When in batch mode, the connection will receive a batch consisting of 1 or more messages, up to the batch_size that you configured. The batch can be less than the batch_size; the connection will pop off up-to the configured number of messages from the ready queue. That queue holds only a finite number of messages that are immediately ready for delivery. The popping process does not artificially delay to encourage a larger batch size.

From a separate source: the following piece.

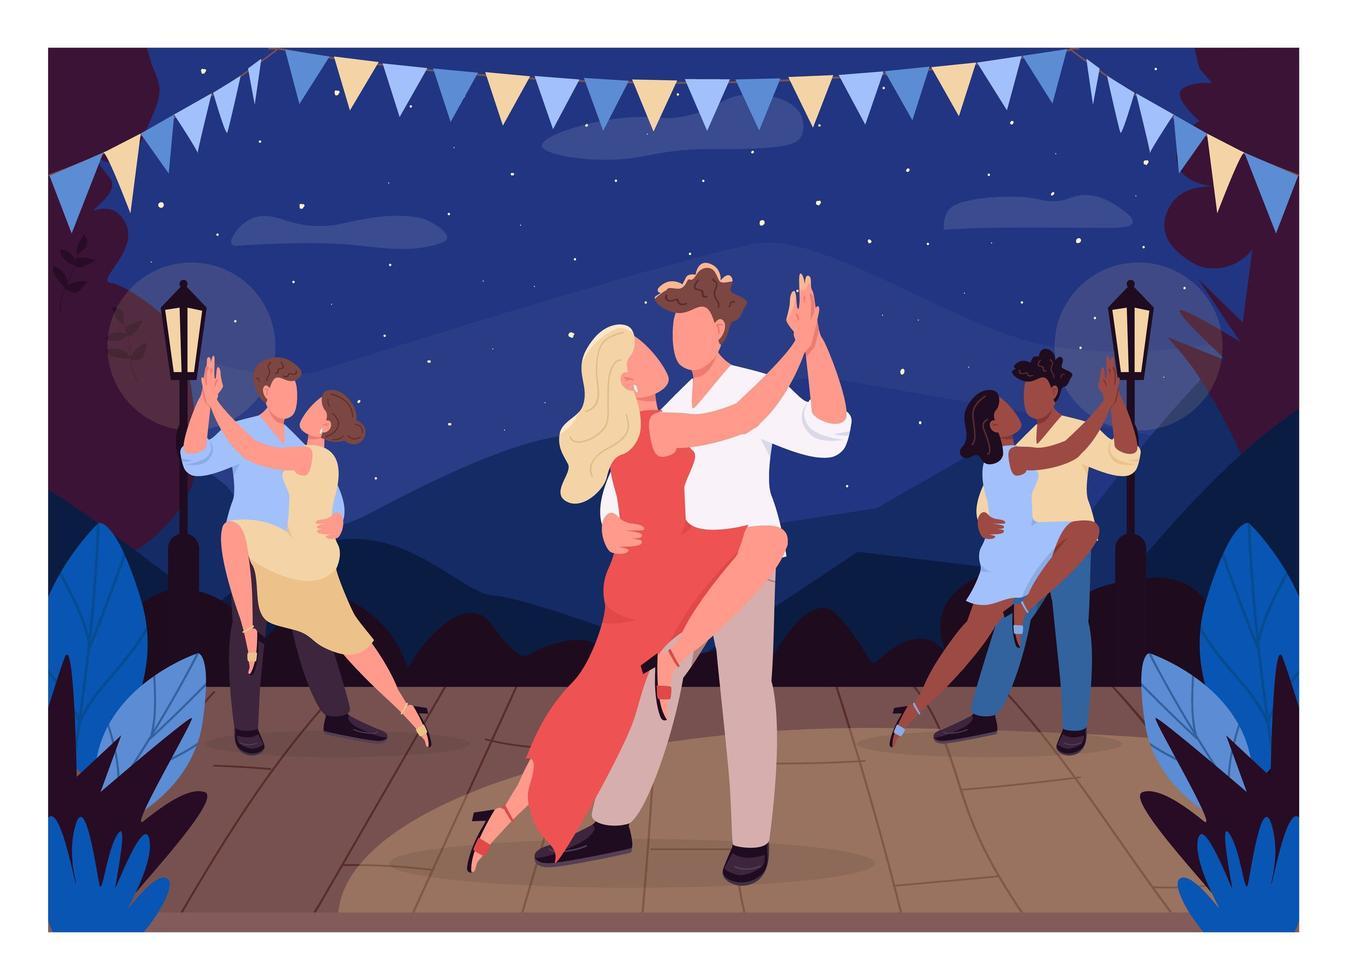 människor dansar på scenen platt färg vektorillustration vektor

It will grab whatever is immediately ready and send it as a batch.

Here's how you would write something that is similar to the above example using batching:

local log_hooks = require 'policy-extras.log_hooks'
log_hooks:new {
  name = 'webhookbatch',
  -- batches of up to 100 messages at a time
  batch_size = 100,
  constructor = function(domain, tenant, campaign)
    local connection = {}
    local client = kumo.http.build_client {}

    -- This method must be named send_batch when batch_size > 1
    function connection:send_batch(messages)
      local payload = {}
      for _, msg in ipairs(messages) do
        -- Rather than collecting the pre-templated record as
        -- a string, get it as an object.  This makes it easier
        -- to compose it as an array and json encode than doing
        -- the string manipulation by-hand.
        table.insert(payload, msg:get_meta 'log_record')
      end

      -- encode the array of objects as json
      local data = kumo.serde.json_encode(payload)

      local response = client
        :post('http://10.0.0.1:4242/log')
        :header('Content-Type', 'application/json')
        :body(data)
        :send()

      local disposition = string.format(
        '%d %s: %s',
        response:status_code(),
        response:status_reason(),
        response:text()
      )

      if response:status_is_success() then
        return disposition
      end
      kumo.reject(500, disposition)
    end

    function connection:close()
      client:close()
    end

    return connection
  end,
}

If your send_batch method returns a transient failure, either by allowing errors to escape the function without being caught by pcall, or by explicitly using kumo.reject with a 4xx status code, then that transient disposition applies to every message in the batch. Each transiently failed message will have its own jittered retry time computed, and it will be reattempted at a later time. This per-message jitter can help to break out of a situation where one message in the batch is somehow objectionable to the destination endpoint and continues to cause the messages that get lumped into its batch to transiently fail.